I have a CSV file which looks like

K1
,Value
M1,0
M2,10
M3,3
K2
,Value,Value,Value
M1,4,6,3
M2,7,3,4
M3,10,2,6
K1
,Value,Value
M1,0,4
M2,10,2
M3,3,7

The file is grouped by 5 rows. For example, the name of the first group is K1, followed by a dataframe with fixed 3 rows and 1 columns. The number of rows in groups are fixed but the number of columns is variable. K1 has 1 column, K2 has 3 columns and K3 has two columns. I want to read that to form a dictionary where the key is the name of the group, K1, K2 or K3 and the value is dataframe associated with the group name.

The simple read_csv like df = pd.read_csv('test.batch.csv') fails with the following error

Traceback (most recent call last):
  File "test.py", line 8, in <module>
    df = pd.read_csv('test.batch.csv')
  File "/home/mahmood/.local/lib/python3.8/site-packages/pandas/io/parsers.py", line 610, in read_csv
    return _read(filepath_or_buffer, kwds)
  File "/home/mahmood/.local/lib/python3.8/site-packages/pandas/io/parsers.py", line 468, in _read
    return parser.read(nrows)
  File "/home/mahmood/.local/lib/python3.8/site-packages/pandas/io/parsers.py", line 1057, in read
    index, columns, col_dict = self._engine.read(nrows)
  File "/home/mahmood/.local/lib/python3.8/site-packages/pandas/io/parsers.py", line 2061, in read
    data = self._reader.read(nrows)
  File "pandas/_libs/parsers.pyx", line 756, in pandas._libs.parsers.TextReader.read
  File "pandas/_libs/parsers.pyx", line 771, in pandas._libs.parsers.TextReader._read_low_memory
  File "pandas/_libs/parsers.pyx", line 827, in pandas._libs.parsers.TextReader._read_rows
  File "pandas/_libs/parsers.pyx", line 814, in pandas._libs.parsers.TextReader._tokenize_rows
  File "pandas/_libs/parsers.pyx", line 1951, in pandas._libs.parsers.raise_parser_error
pandas.errors.ParserError: Error tokenizing data. C error: Expected 2 fields in line 7, saw 4

I know the file is not properly formatted for read_csv(), so I would like to know if there is any other read function to use like that. Any idea about that?

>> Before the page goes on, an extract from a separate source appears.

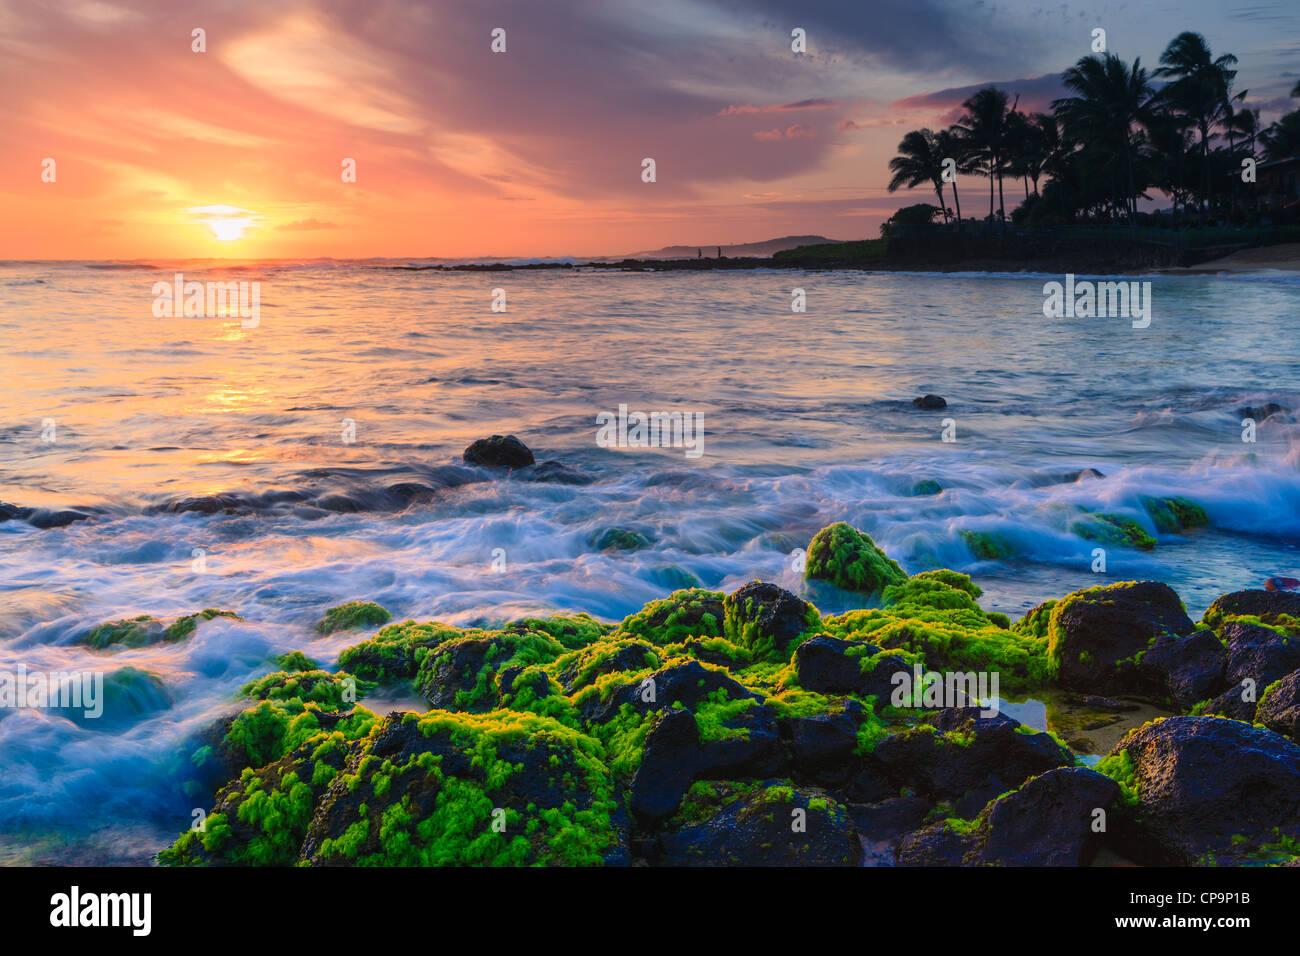 El atardecer en la famosa Playa Poipu, Kauai, Hawai Imagen De Stock

CodePudding user response：

My idea is to start from an empty intermediate dictionary.

Then read a single line from the input file (the key) and following 4 lines as the value and add them to the dictionary.

The final step is to "map" this dictionary, using a dictionary comprehension, changing each (string) value into a DataFrame.

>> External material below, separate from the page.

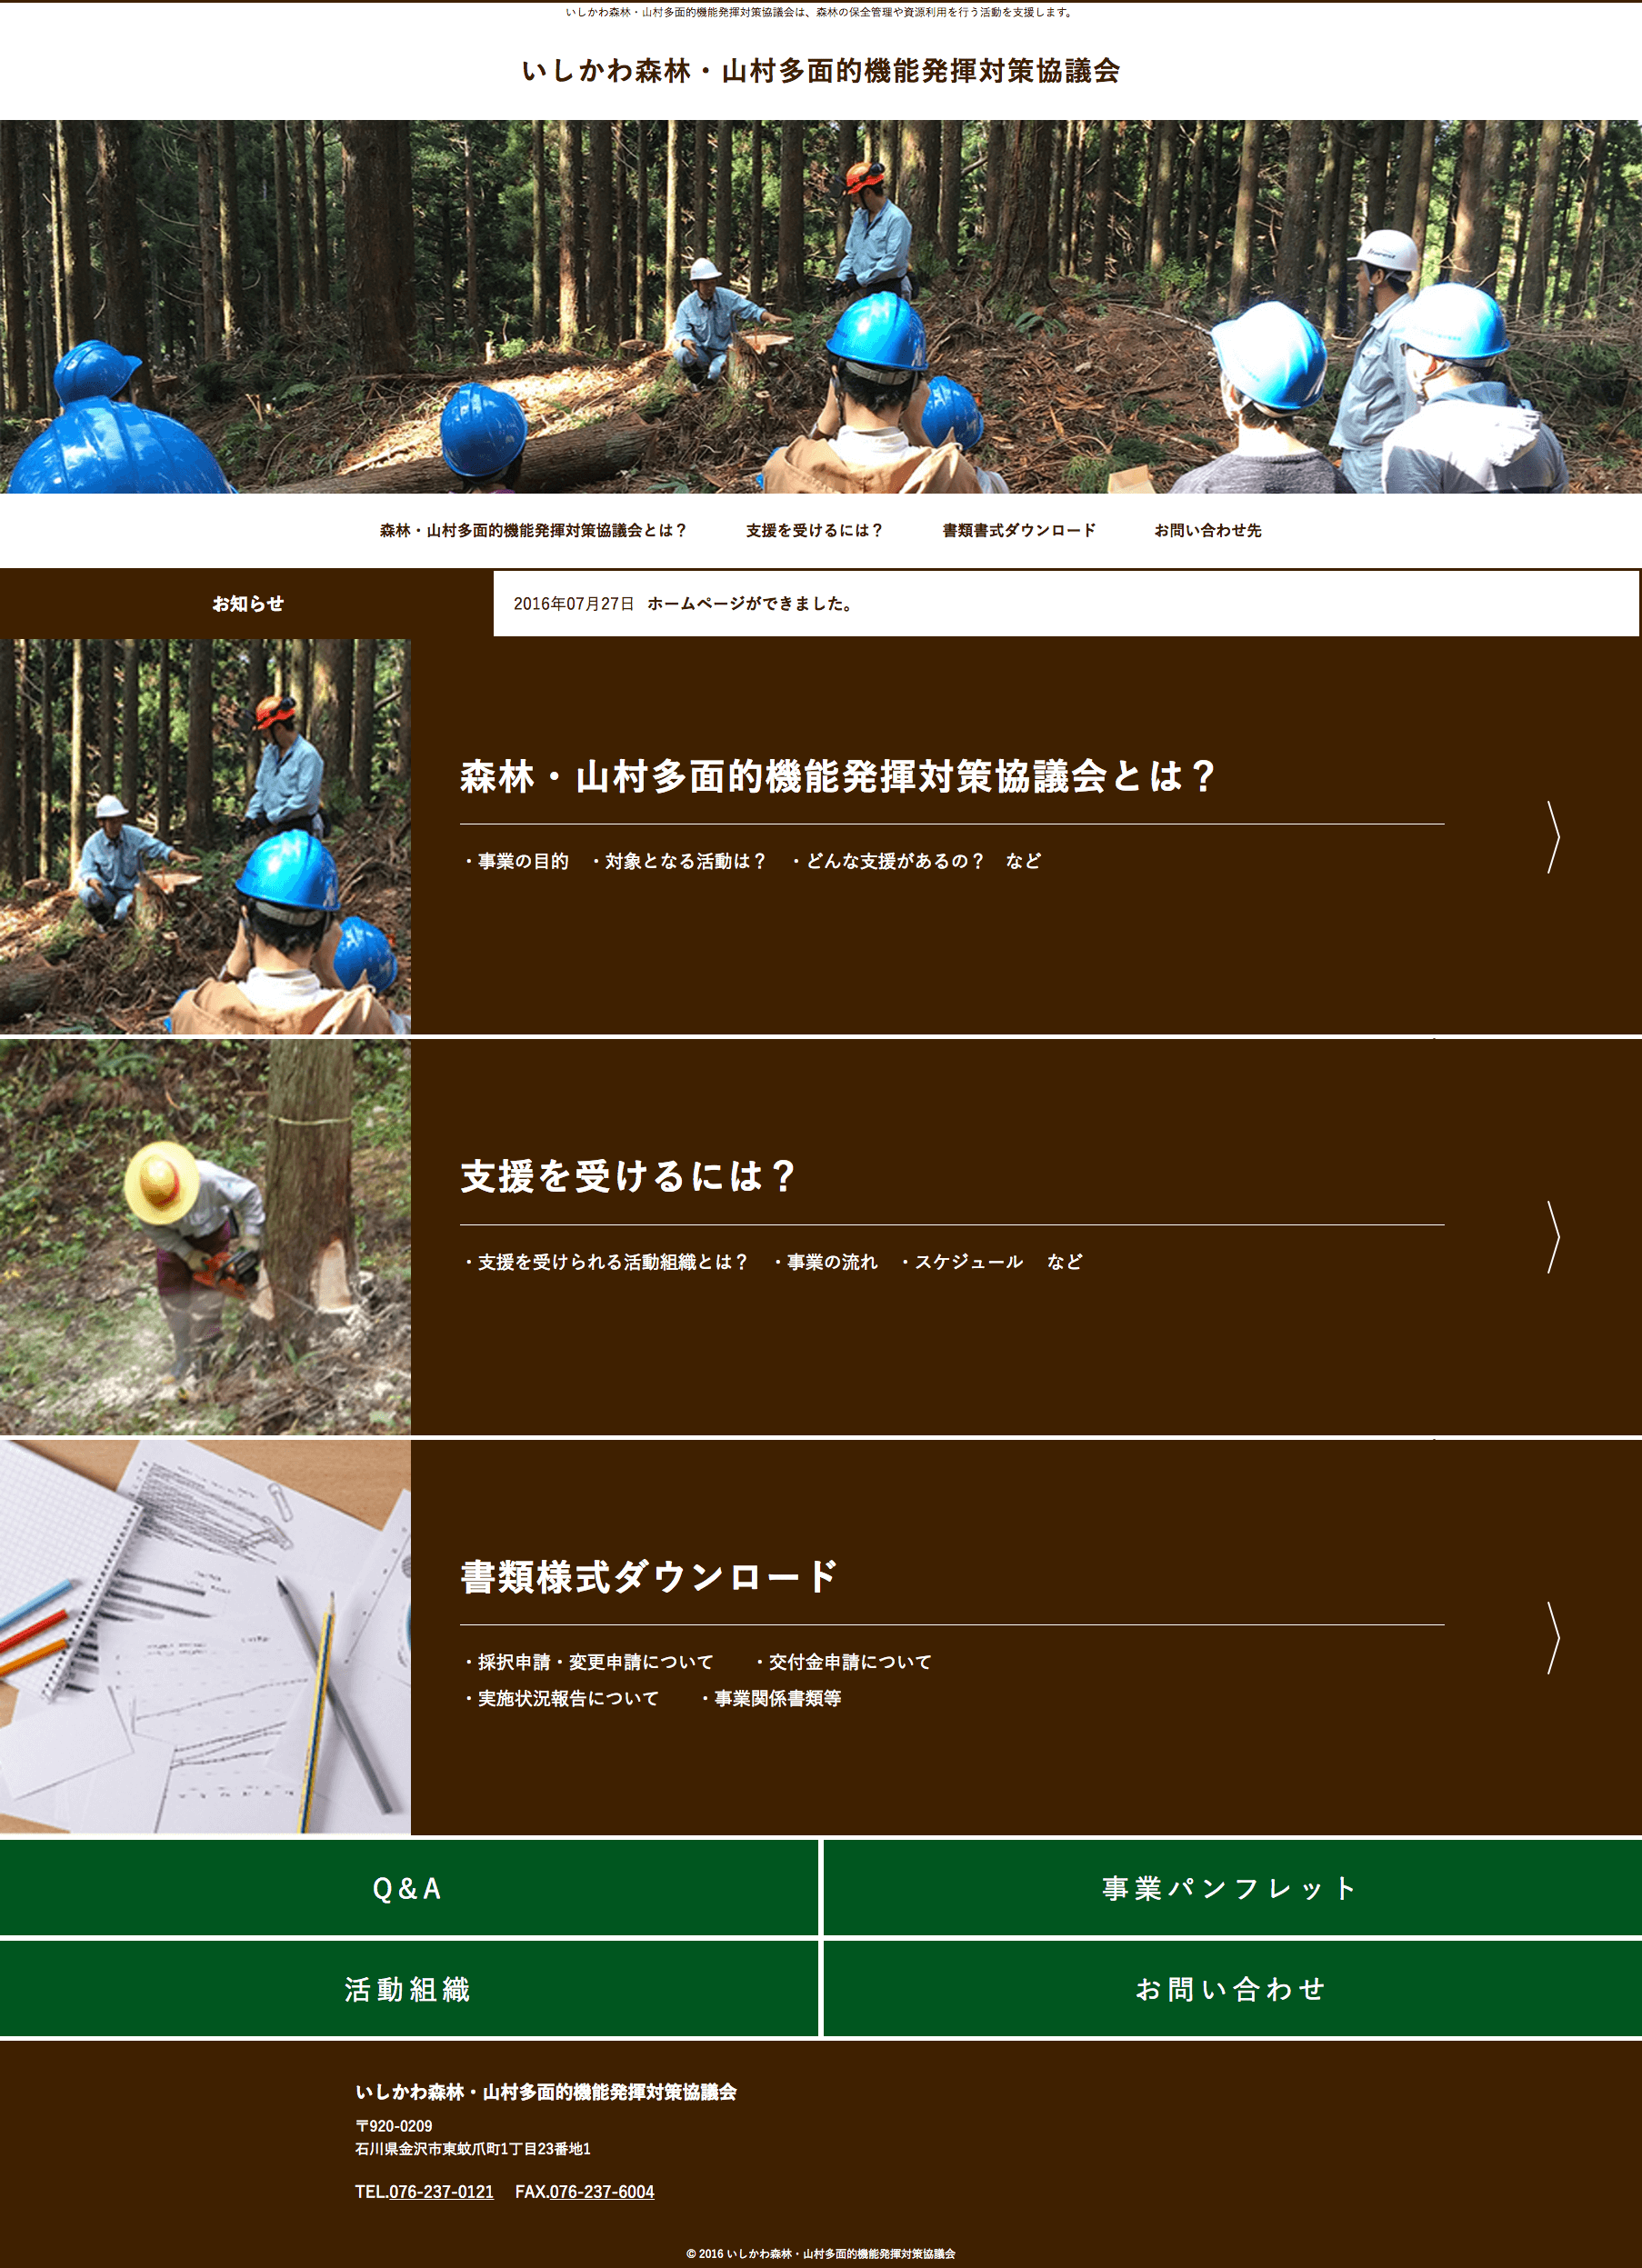 screencapture-tamenteki-ishikawa-moriren-jp-1470801837646

To do it, you can use read_csv, passing the value of the current key as the source content.

So the source code can be e.g.:

wrk = {}
with open('Input.csv') as fp:
    while True:
        cnt1  = 1
        line = fp.readline()
        if not line:
            break
        key = line.strip()
        txt = [ fp.readline().strip() for i in range(4) ]
        txt = '\n'.join(txt)
        wrk[key] = txt
result = { k: pd.read_csv(io.StringIO(v), index_col=[0]) for k, v in wrk.items() }

Note however a side effect, resulting from how read_csv works:

If column names are not unique then Pandas adds a dot and consecutive numbers to such "repeating" columns.

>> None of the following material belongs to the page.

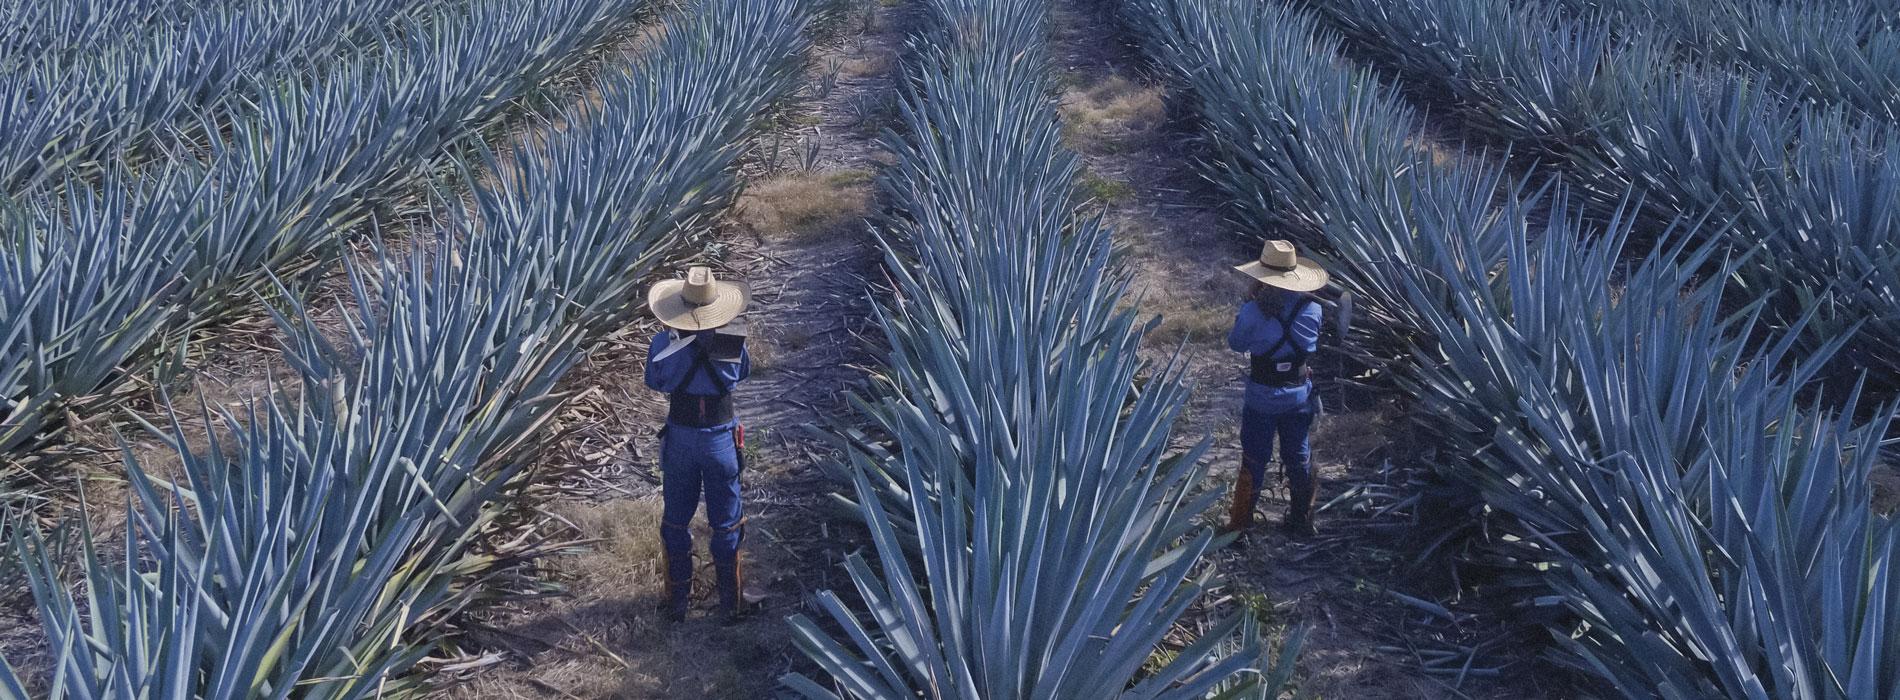 tequila-don-julio

So e.g. the content of K2 key in result is:

    Value  Value.1  Value.2
M1      4        6        3
M2      7        3        4
M3     10        2        6

Or maybe actual column names in each input "section" are not the same?

To sum up, at least this code allows you to circumvent the limitation concerning same number of columns while reading a single DataFrame.